The bromodomain-containing chromatin-modifying factor BRD4 is an inherited susceptibility gene for breast cancer progression and metastasis, but its functionality in these settings has yet to be explored. Here we show that deletion of either of the BRD4 bromodomains had modest effects on the metastatic suppression ability of BRD4. In contrast, expression of the natural short isoform of BRD4 that truncates the protein after the SEED domain restored progression and metastatic capacity. Unexpectedly, deletion of the proline-rich region induced mesenchymal-like conversion and acquisition of cancer stem cell-like properties, which are mediated by the carboxy-terminal P-TEFb binding domain. Deletion of this proline-rich region also induced a gene expression signature that predicted poor outcome in human breast cancer data sets and that overlapped G3 grade human breast tumors. Thus our findings suggest that BRD4 may be altering the predisposition of tumors to undergo conversion to a more de-differentiated or primitive state during metastatic progression.

Gene expression profiles and breast cancer metastasis: a genetic perspective.

The majority of cancer mortality is attributed to metastasis, which is the spread of tumor cells to a secondary site. Several studies have demonstrated that the genetic background on which a tumor arises has a major effect on both metastatic efficiency and on predictive gene expression profiles. These observations suggest that there is variability in metastasis frequency between individuals and that some individuals could be more prone to secondary tumor formation and development than others. Thus, genetic background might have important clinical implications in metastasis detection, management and prevention.

Mechanisms of metastasis.

Metastasis is an enormously complex process that remains to be a major problem in the management of cancer. The fact that cancer patients might develop metastasis after years or even decades from diagnosis of the primary tumor makes the metastatic process even more complex. Over the years many hypotheses were developed to try to explain the inefficiency of the metastatic process, but none of these theories completely explains the current biological and clinical observations.

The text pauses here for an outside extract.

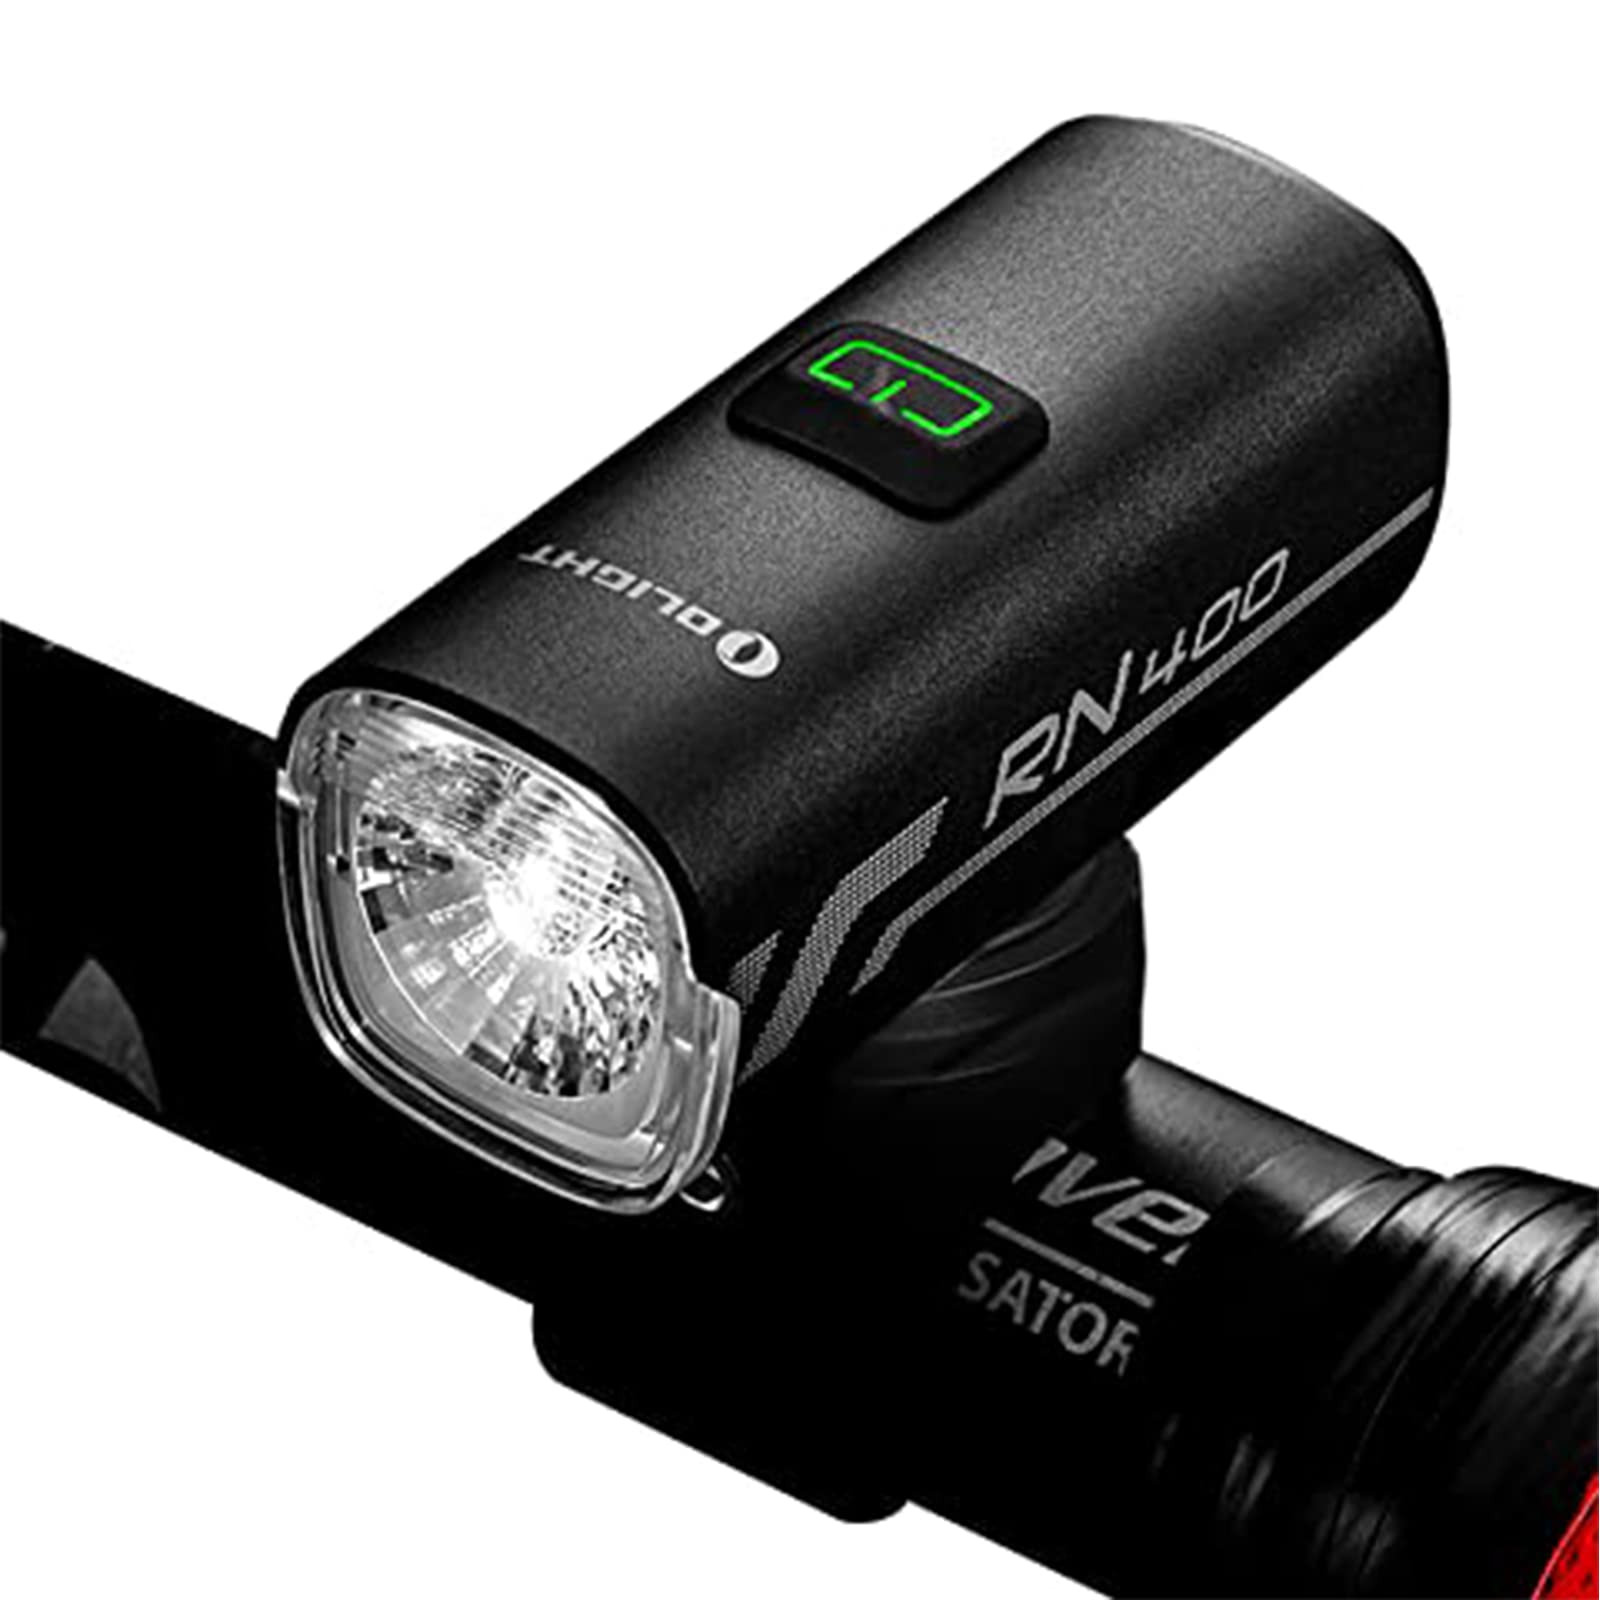 自転車 ロードバイクライト ヘッドライト 400ルーメン フロント USB充電式 長時間持つ IPX7防水 通勤 通学 サイクル用 防災 夜間走行 5秒程長押しロック解除

In this review we summarize some of the proposed models that were developed in attempt to understand the mechanisms of tumor dissemination and colonization as well as metastatic progression.

Bromodomain 4 activation predicts breast cancer survival.

Previous work identified the Rap1 GTPase-activating protein Sipa1 as a germ-line-encoded metastasis modifier. The bromodomain protein Brd4 physically interacts with and modulates the enzymatic activity of Sipa1. In vitro analysis of a highly metastatic mouse mammary tumor cell line ectopically expressing Brd4 demonstrates significant reduction of invasiveness without altering intrinsic growth rate. However, a dramatic reduction of tumor growth and pulmonary metastasis was observed after s.c. implantation into mice, implying that activation of Brd4 may somehow be manipulating response to tumor microenvironment in the in vivo setting. Further in vitro analysis shows that Brd4 modulates extracellular matrix gene expression, a class of genes frequently present in metastasis-predictive gene signatures. Microarray analysis of the mammary tumor cell lines identified a Brd4 activation signature that robustly predicted progression and/or survival in multiple human breast cancer datasets analyzed on different microarray platforms. Intriguingly, the Brd4 signature also almost perfectly matches a molecular classifier of low-grade tumors. Taken together, these data suggest that dysregulation of Brd4-associated pathways may play an important role in breast cancer progression and underlies multiple common prognostic signatures.